The idea is to plant one row with many different varieties and clones and see which of them do best. What doesn't do well will be eliminated, what does well, will stay. In the end I want to reduce the varieties to 3 different clones: one Traminer, one more acidic white and one red. Maybe I will add one more red in the future. I'd like to try Pinotage (very hard to find in Europe) or Blauer Wildbacher (local red variety) as well.

There's a lot of work awaiting me in spring. The trellis system has to be renewed and dozens of grapes to be planted. Luckily I found a man in the region who has a small excavator and will help me with that - for the price of a few hundret Euros - but still better than working my arse off with a spade!


----------



## blumentopferde (Mar 3, 2013)

a few updates:
At the moment I refurbish and clean the cellar that will be used for wine making. It is quite wet and full of mold so I came up with with hard chemistry. As I only have one day per week time for my wineyard this will still take two weeks until its done.

The next thing to do is to assemble the trellis system. Today I ordered a small auger. I hope it will do it's job right, it is just not fun to dig 60 plant holes plus 20 holes for posts with a spade, especially on a soil as dense and heavy as in my wineyard! This week I will order the locust posts and the rest (wires etc.) will be ordered short before planting.

I found another guy who will help me with the pergola. Yes, I've decided to construct a small pergola on a place where there's always been one before. This will cost some money but it is necessary if I want to have this done before spring...


----------



## blumentopferde (Mar 5, 2013)

One more update:
I've been a bit too enthusiastic about planting this year and ordered too many vines. I could have dismissed some of them but I decided to grow the grapes in narrow distances instead. 
I'll plant the grapes in a distance of about 2 feet and will let them grow higher than usual for compensation. How high I don't know yet. My grapes are forming a fence around the property so there's no limitation!

Planting in narrow distances has become quite popular in Europe so I gave it a try. It should work out fine with the Pinot-varieties, but not so much with Gewurztraminer, which I will plant at larger distances...


----------



## blumentopferde (Mar 20, 2013)

My wineyard is emerging slowly.

First of all I want to reconstruct the rows that are framing the property.
They haven't been cultivated since more than 20 years and looked accordingly:







This image was taken two years ago before the old vines were cut down. The posts were tilted, the wires twisted and the vines grew completely wild. Btw: This little tree on the right was ivy! 





This image was taken after the clearance. 

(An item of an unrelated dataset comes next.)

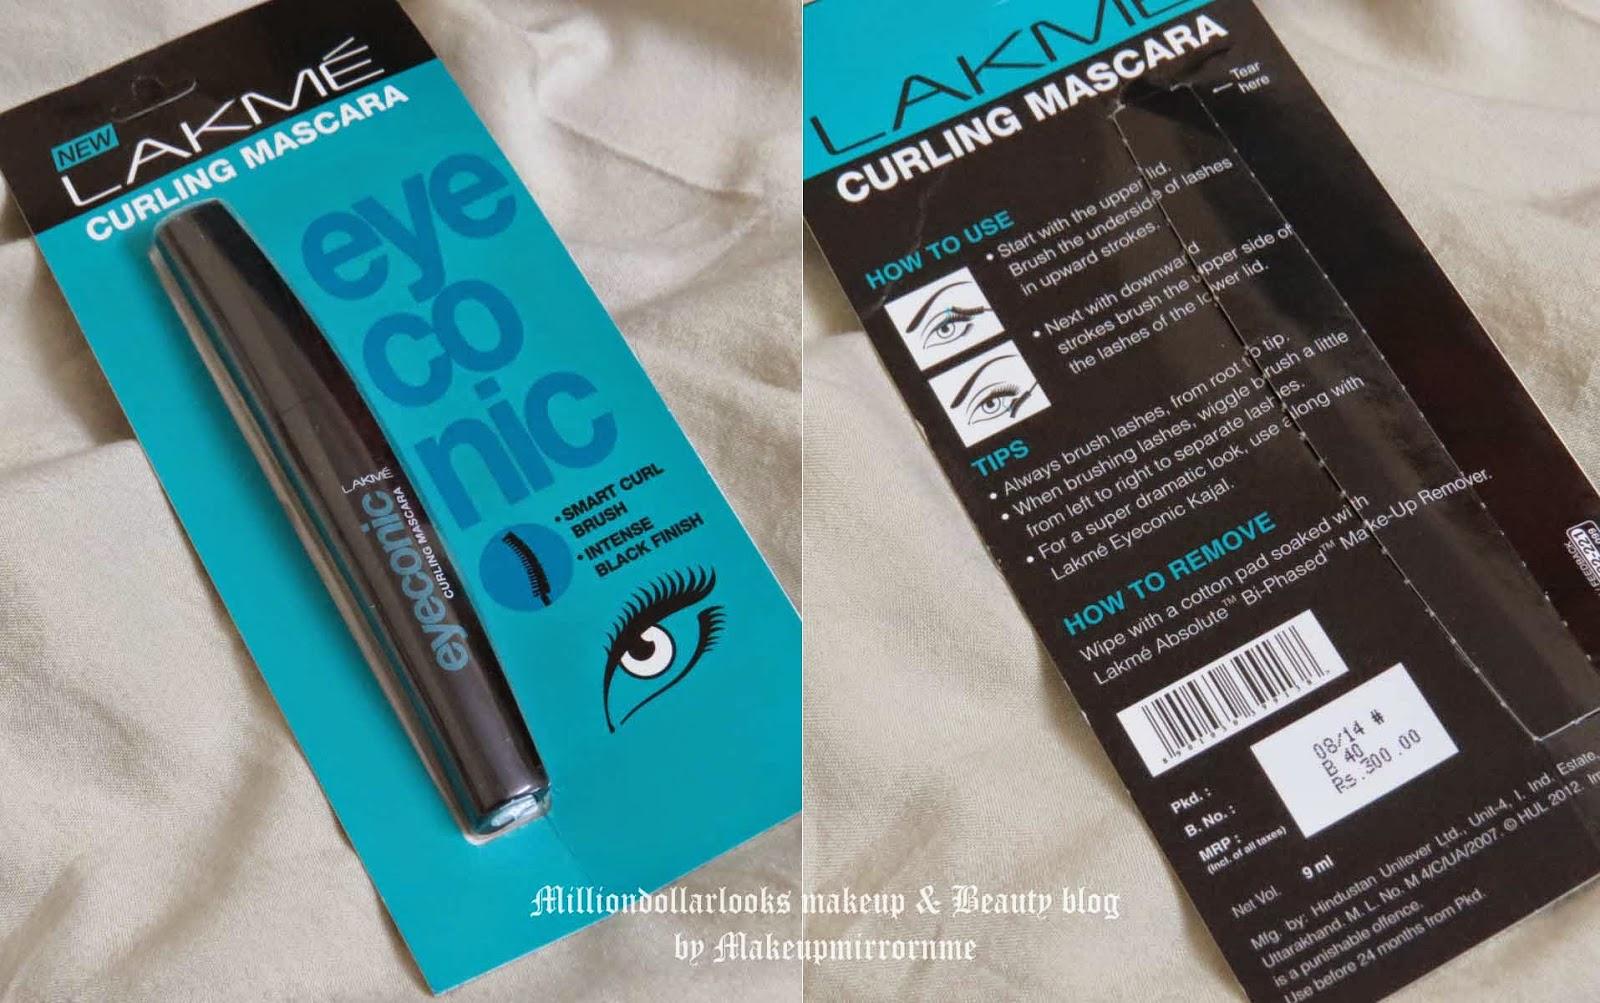 Lakme Eye Liner Lakme Kajal Lakme Mascara photos

Most trunks of the old vines were damaged by frost, many even down to the ground. Almost all of the old vines showed Esca-Symptoms:









I cut all the trunks down, close over the grafting point, and luckily some came up again (sorry, no pictures taken). I don't know yet which varieties the old vines are. Probably some of them will turn out to be rootstock varieties 

Last week I removed all the old posts and wires and rammed the first 5 Posts into the earth. 9 more will follow, pictures will follow too!

I'm also going to reconstruct a pergola that has once been around the house. It should be kept simple as I don't want to engage in welding and concreting. 

That's the sketch for the system:




It's supposed to be constructed solely from wood, screws ans wires.

This was just the beginning. The rows and the Pergola still have to be set up, the vines will arrive at the beginning of April, the cellar still waits for a painting. So lots of work in the wait...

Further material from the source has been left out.